E si potrebbe continuare quasi all'infinito, per le oltre due ore di film, nel quale lo spettatore non deve, né può, cercare una trama, anche se questa c'è, e la si scopre nell'emozionante sequenza finale, a cui segue un ultimo regalo dopo i titoli di coda, a ricompensare chi, come il protagonista, sa attendere e andare oltre la superficie delle cose.

Sul tutto, alcune determinanti scelte registiche, oltre alla sublime fotografia di Franz Lustig: il formato quadrato, tipico della cinematografia del passato, gli inserimenti di splendidi sogni in bianco e nero, opera della moglie, Dorothea Wenders, che interpretano l'inconscio in modo inedito, pur richiamandosi ai film surrealisti alla Man Ray o Buñuel, la sonorizzazione iperrealistica, con tutti i rumori della metropoli, alternata ai brani che Hirayama ascolta, o al fruscio del vento fra gli alberi, mentre lui tenta di cogliere l'attimo di komorebi.

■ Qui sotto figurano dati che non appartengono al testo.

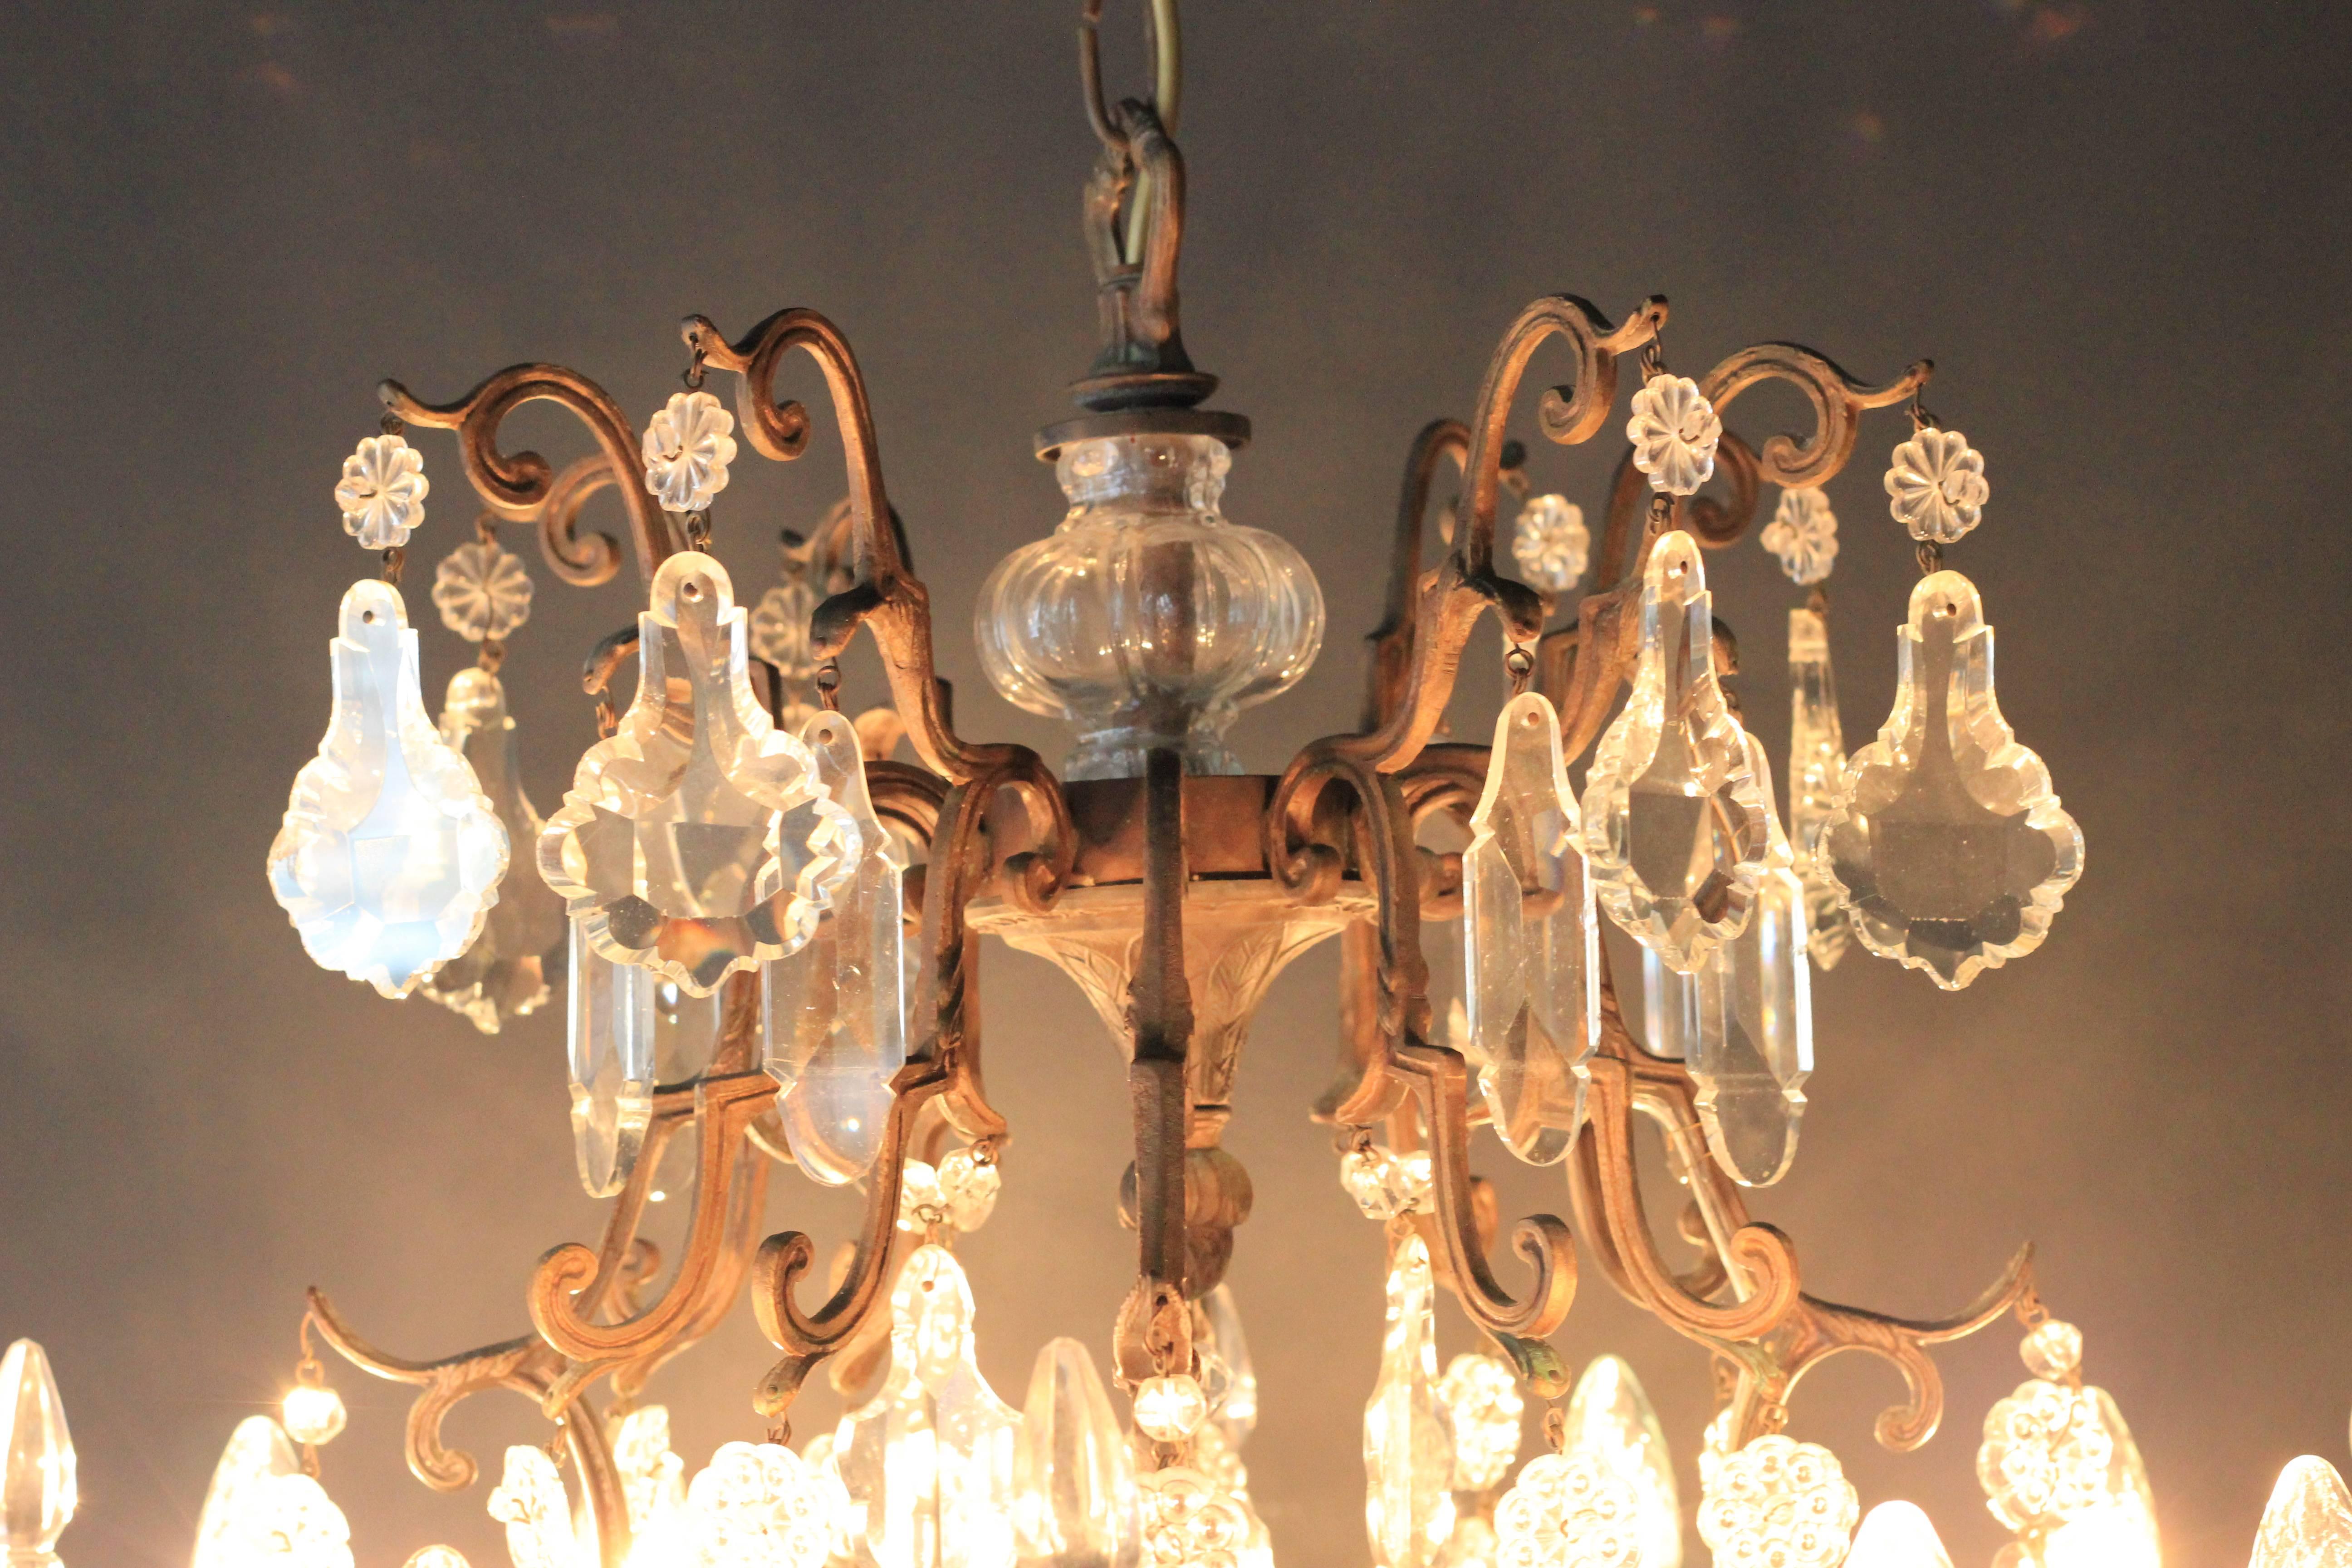 Fine Rarity Crystal Chandelier 1920 Lustre Antique Ceiling Lamp Art Nouveau WoW (Handgeknüpft)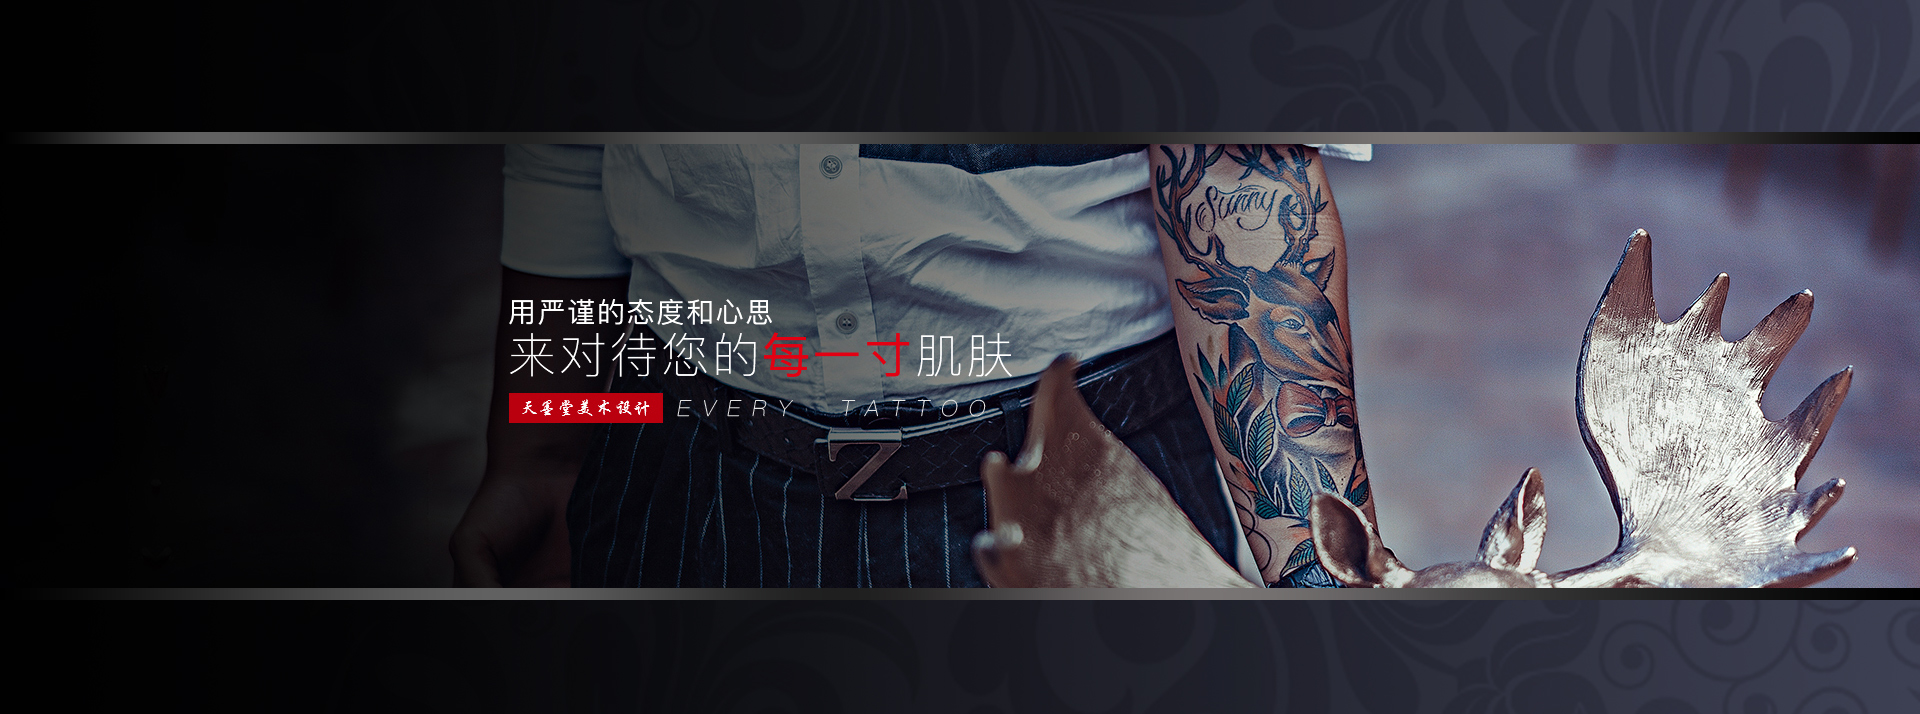 重慶紋身店

Wenders, da sempre ammirato frequentatore della cultura nipponica, conosce bene il termine Ikigai: mettere a fuoco lo scopo della nostra vita significa avere compiuto un lungo percorso interiore, che ci porta a vivere hic et nunc; a sorridere per le piccole cose; a sapersi adattare ai cambiamenti, perché essi sono parte del fluire della vita; a possedere un equilibrio che si potrebbe definire analogico, sganciato dai dispositivi elettronici che ci condizionano, e per questo tanto più umano.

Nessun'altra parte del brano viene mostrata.